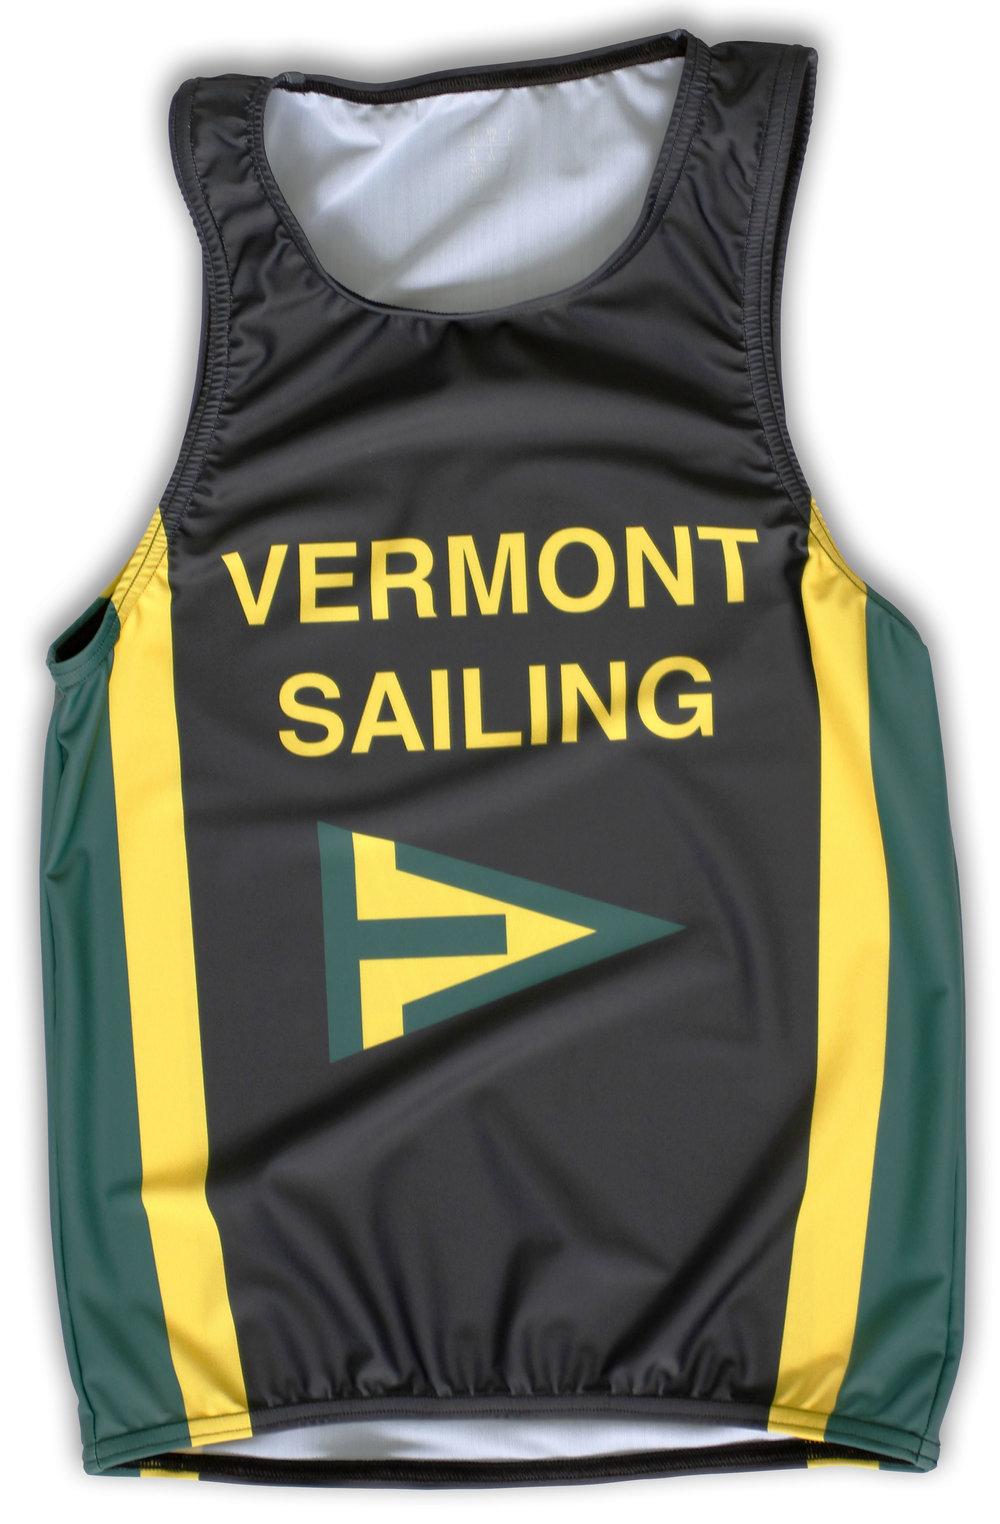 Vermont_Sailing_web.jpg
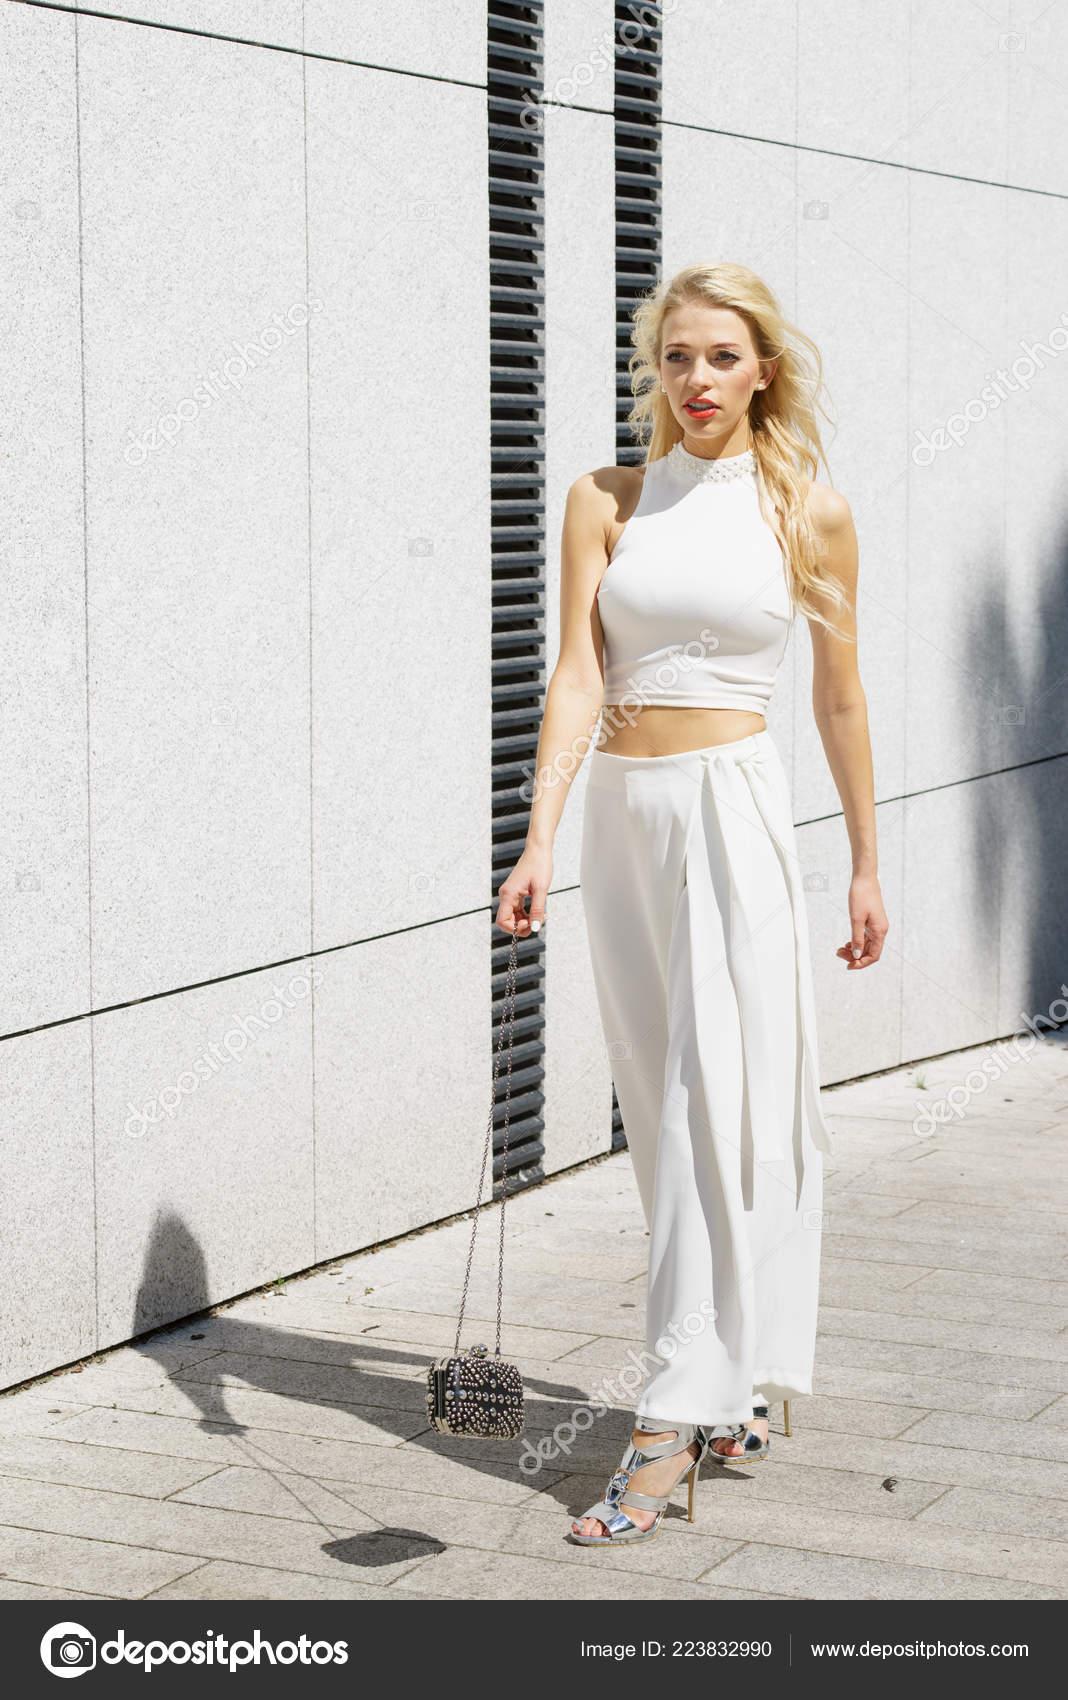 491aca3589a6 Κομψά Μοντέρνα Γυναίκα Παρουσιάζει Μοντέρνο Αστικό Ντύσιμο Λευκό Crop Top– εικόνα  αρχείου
--
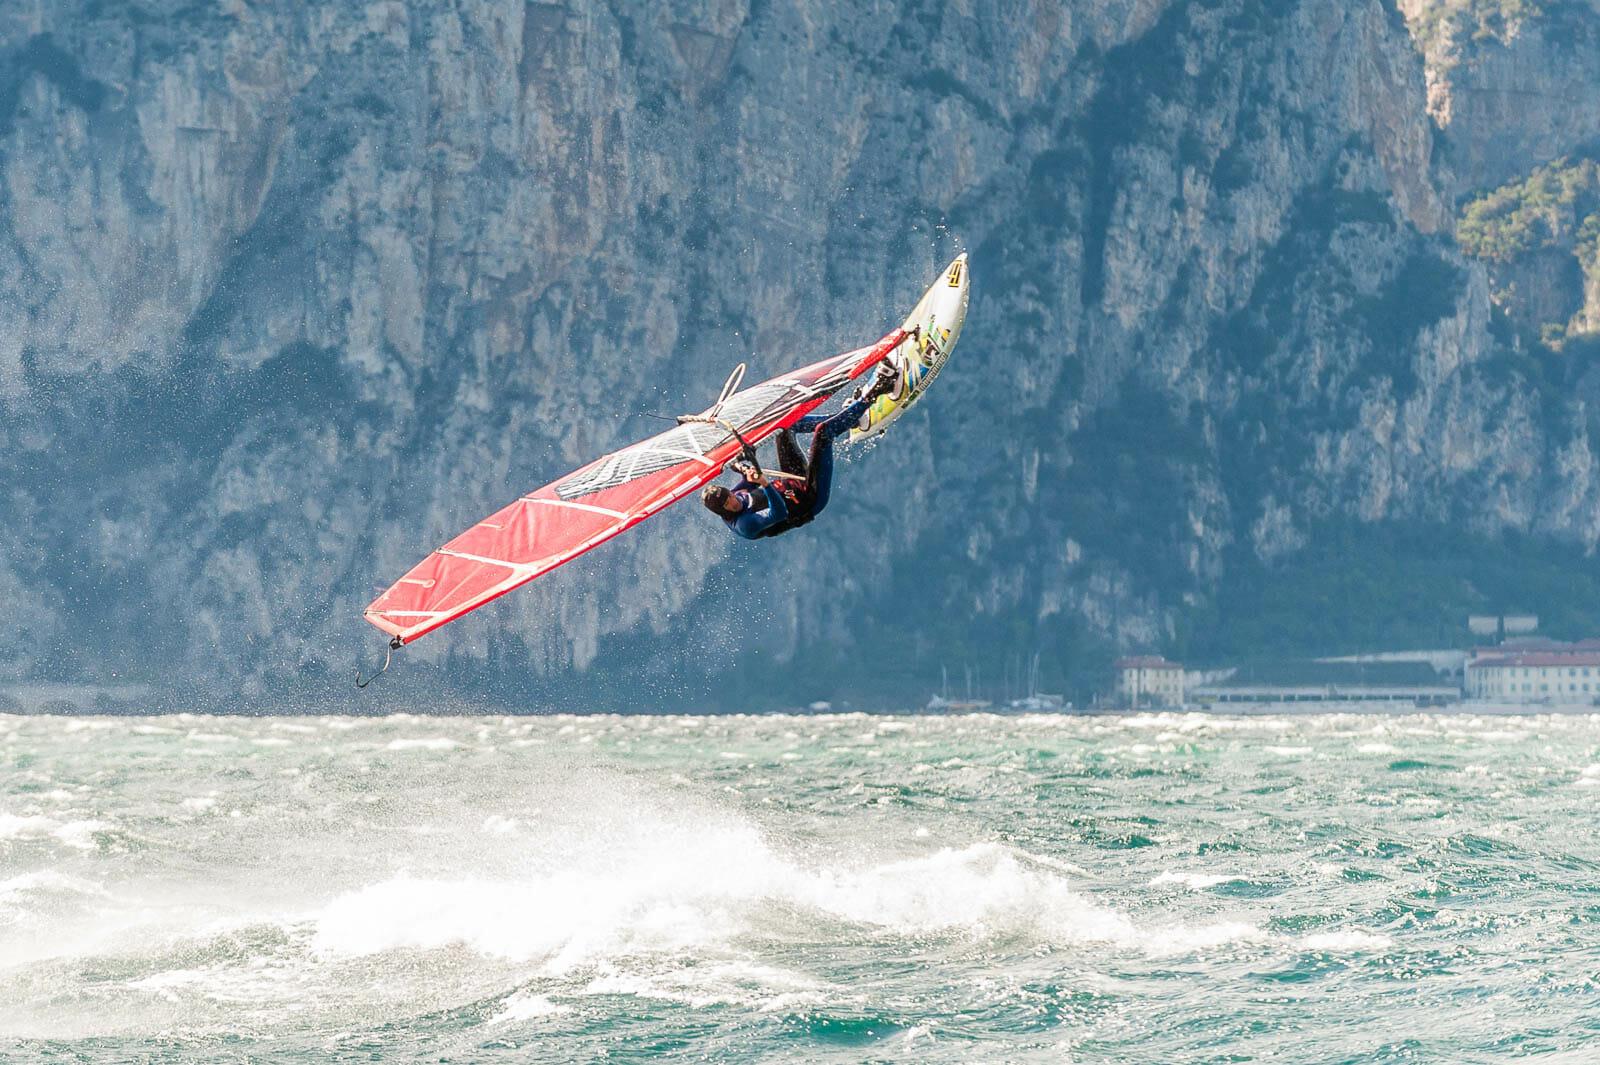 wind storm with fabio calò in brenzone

WHAT THE EXERCISE ASKS
Of all the material above, only the lines from the one that has "Vermont_Sailing_web.jpg" down to the one that has "491aca3589a6 Κομψά Μοντέρνα" are to be written out, exactly and with both ends included. Pictures are skipped.

RESPONSE TO THIS TASK
 Vermont_Sailing_web.jpg
 491aca3589a6 Κομψά Μοντέρνα Γυναίκα Παρουσιάζει Μοντέρνο Αστικό Ντύσιμο Λευκό Crop Top– εικόνα  αρχείου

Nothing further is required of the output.